The optimizer matches PyTorch’s implementation (torch.optim.SGD) with optional loss and velocity scaling.
Nesterov momentum is not currently supported.
- __init__(params, lr=<required parameter>, momentum=0, dampening=0, weight_decay=0, nesterov=False, loss_scaling=1.0, velocity_scaling=1.0)
- Parameters
params (iterable) – parameters to optimize.
lr (float) – learning rate.
momentum (float, optional) – momentum factor.
dampening (float, optional) – damperning term for momentum.
weight_decay (float, optional) – Weight decay (L2 penalty) factor.
nesterov (bool, optional) – Not supported (must be False).

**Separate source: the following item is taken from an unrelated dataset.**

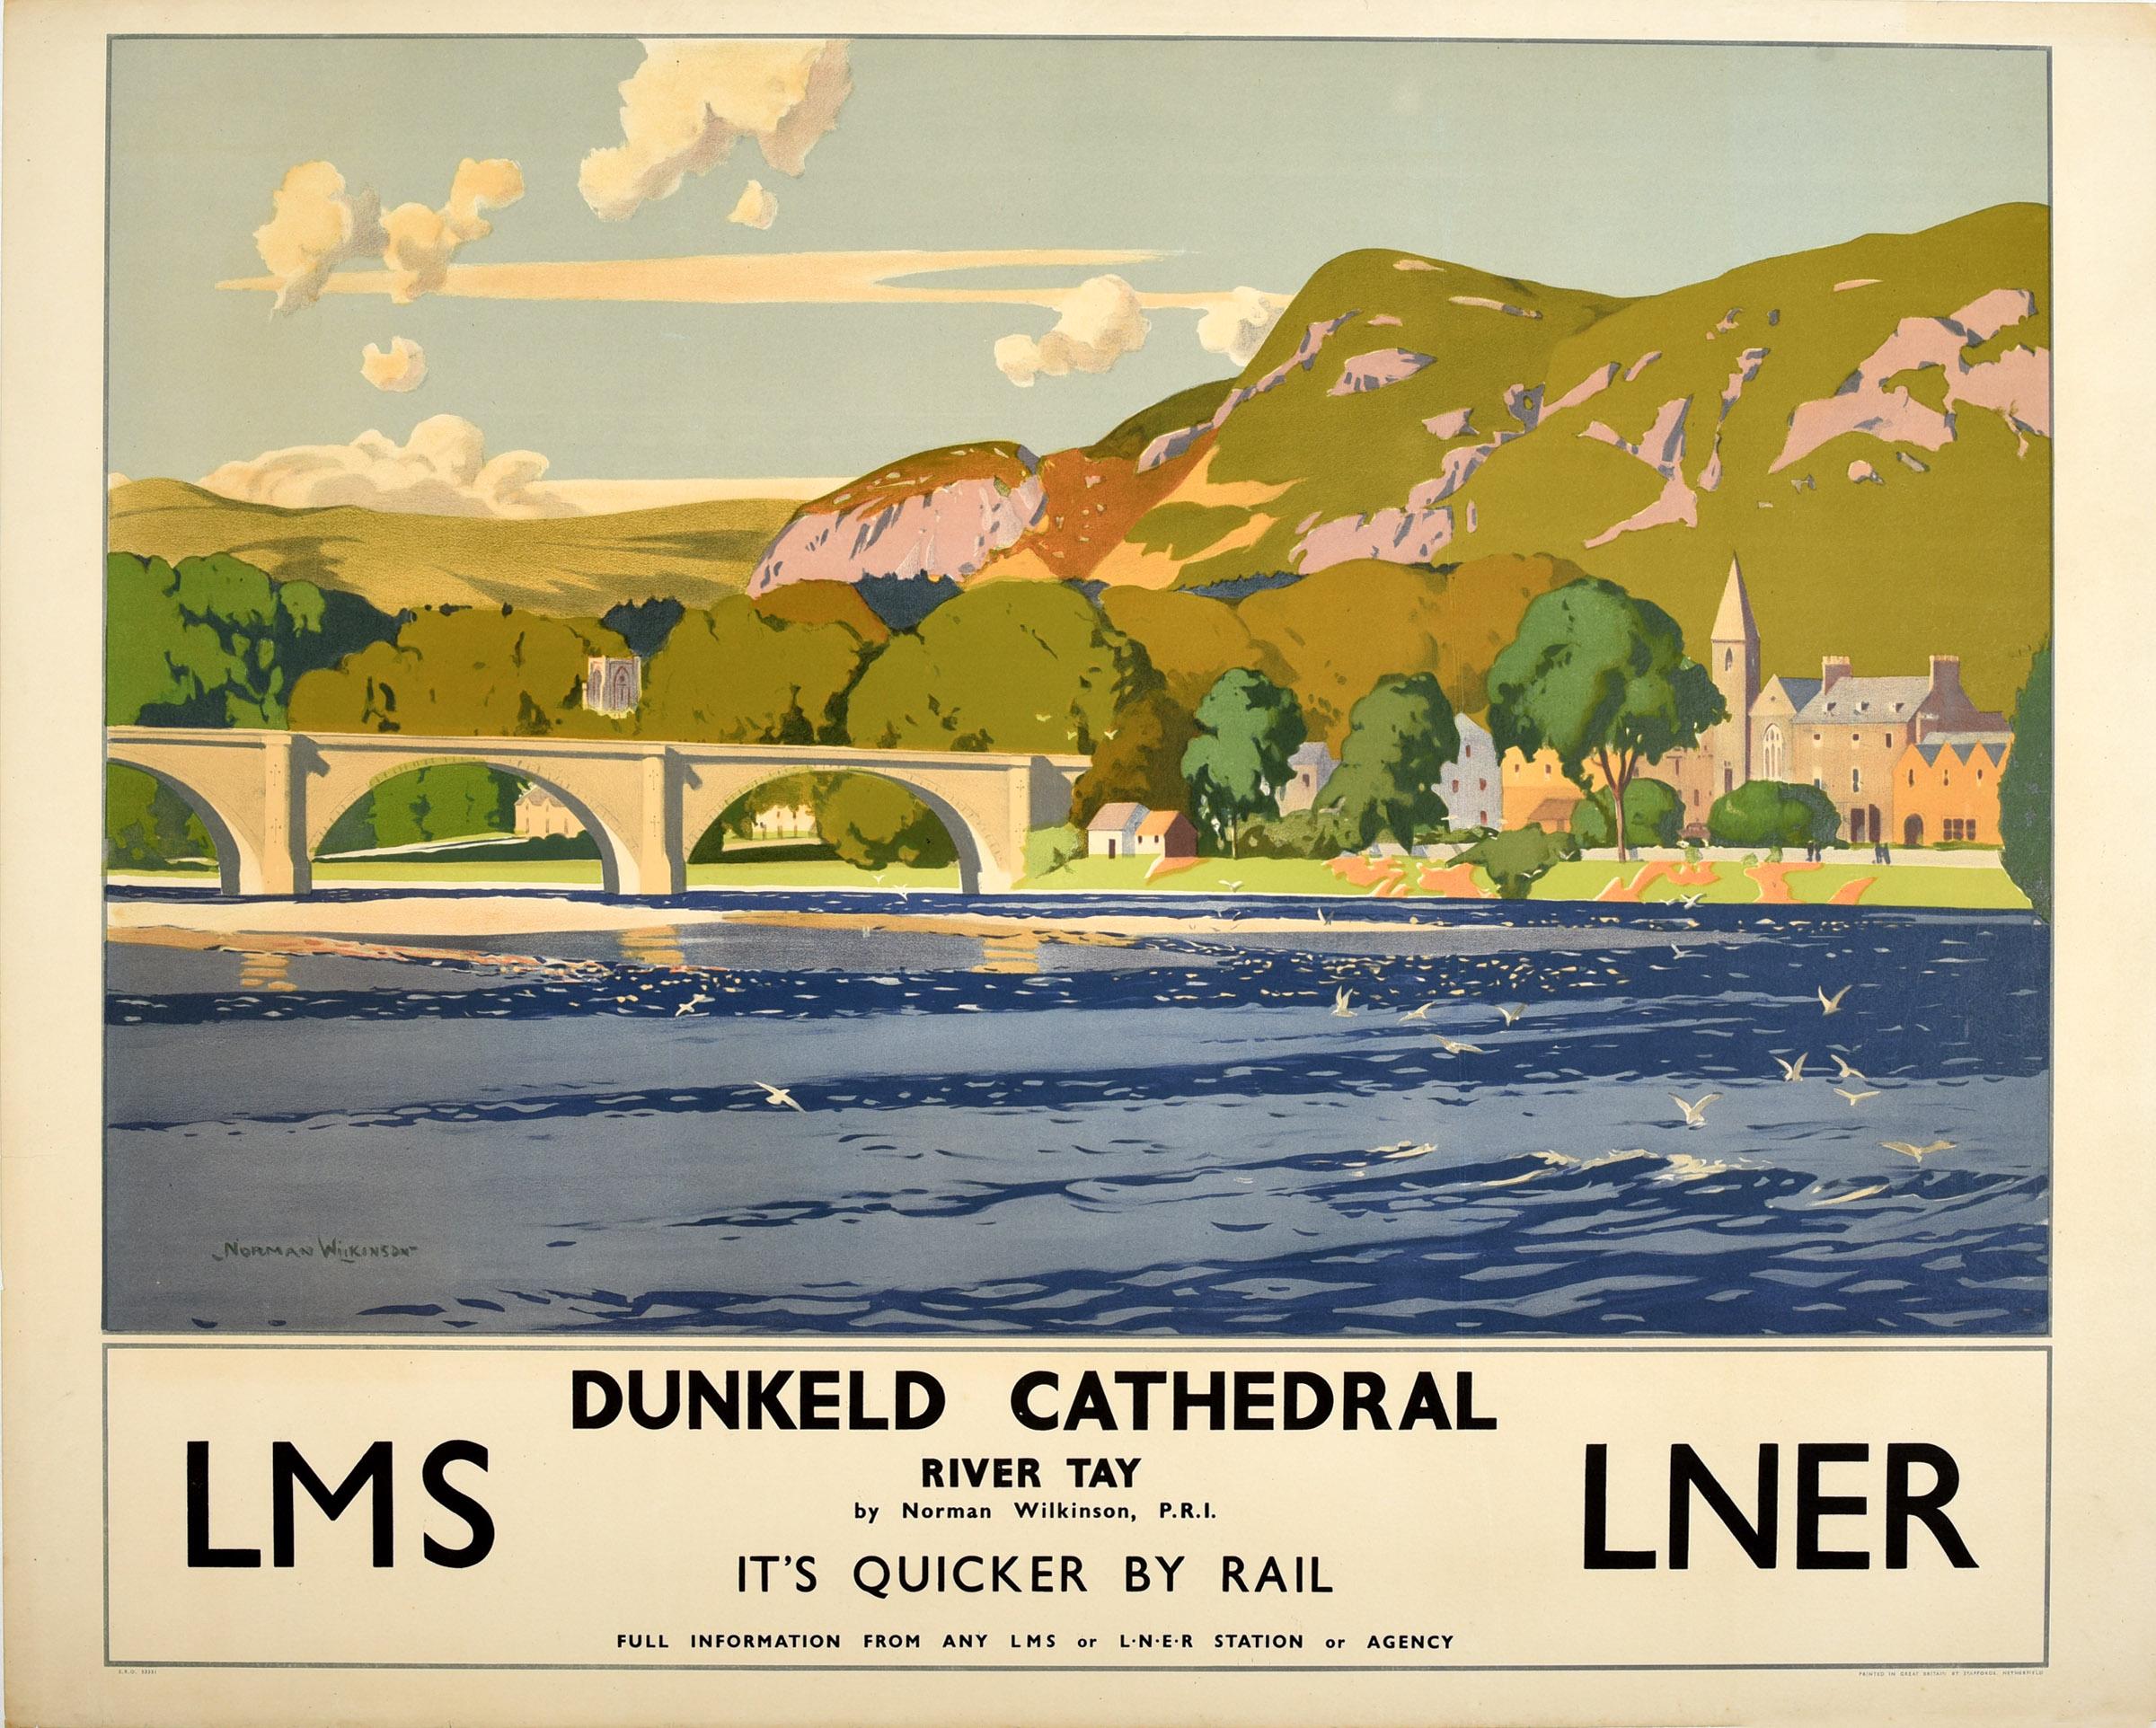 Norman Wilkinson CBE PRI Print - Original Vintage Poster Dunkeld Cathedral River Tay LMS LNER Railway Travel Art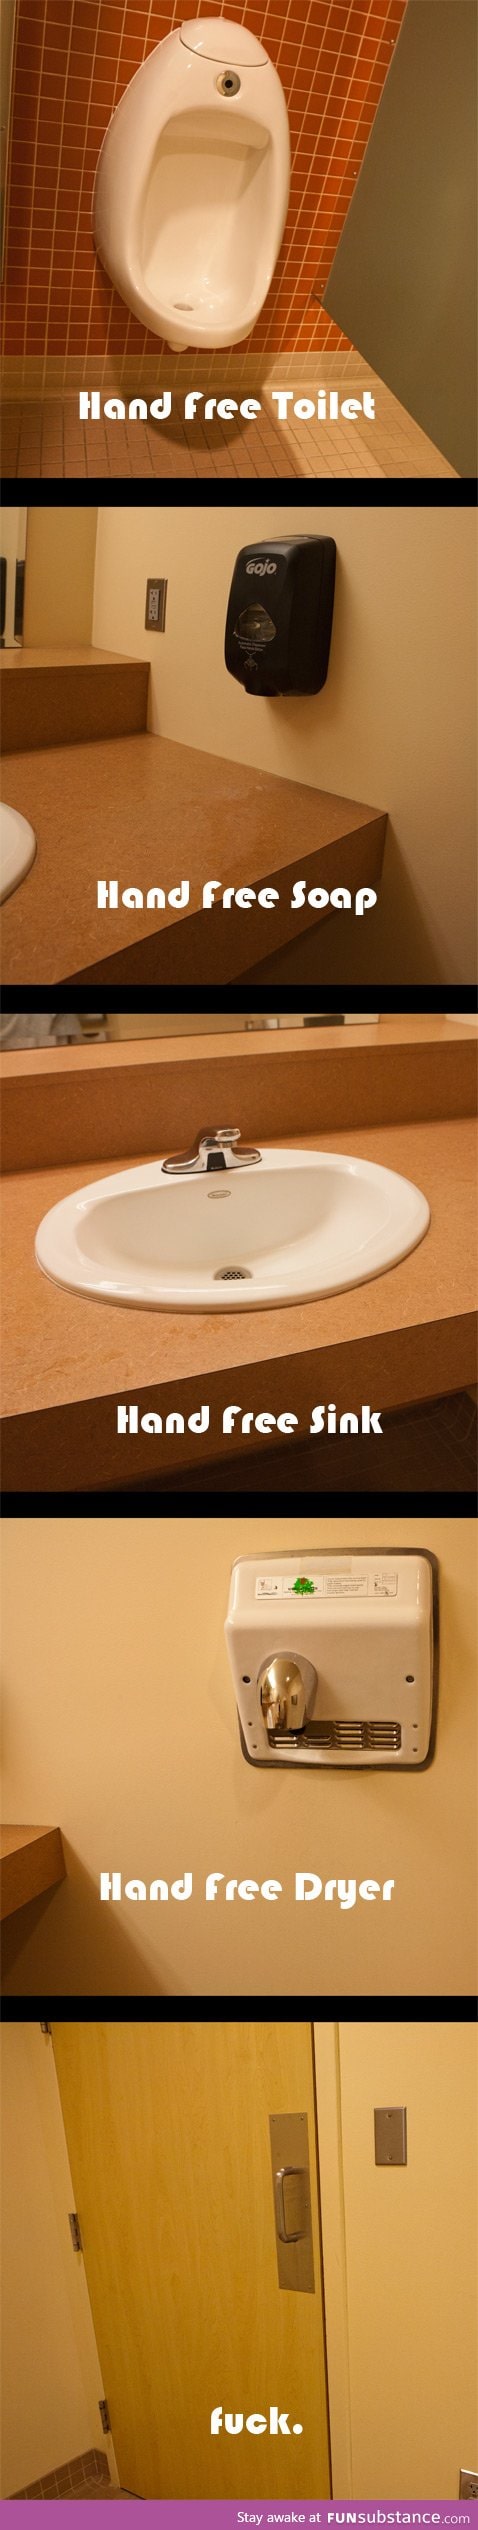 Hands-Free bathroom

loss_scaling (float, optional) – Factor by which to scale the loss and hence gradients to assist numerical stability when using float16.
velocity_scaling (float, optional) – Factor by which to scale the velocity values to assist numerical stability when using float16.
- class poptorch.optim.AdamW(params, lr=0.001, betas=(0.9, 0.999), eps=1e-08, weight_decay=0.01, amsgrad=False, loss_scaling=1.0, biasCorrection=True, accumType=torch.float32, firstOrderMomentumAccumType=torch.float32, secondOrderMomentumAccumType=torch.float32)
Adam optimizer with true weight decay.
This optimizer matches PyTorch’s implementation (torch.optim.AdamW) with optional loss scaling.
AMSGrad is currently not supported.
- __init__(params, lr=0.001, betas=(0.9, 0.999), eps=1e-08, weight_decay=0.01, amsgrad=False, loss_scaling=1.0, biasCorrection=True, accumType=torch.float32, firstOrderMomentumAccumType=torch.float32, secondOrderMomentumAccumType=torch.float32)
- Parameters
params (iterable) – parameters to optimize.
lr (float, optional) – learning rate
eps (float, optional) – term added to the demoninator to ensure numerical stability.
weight_decay (float, optional) – Weight decay factor.
amsgrad (bool, optional) – Not supported (must be False).
loss_scaling (float, optional) – Factor by which to scale the loss and hence gradients to assist numerical stability when using float16.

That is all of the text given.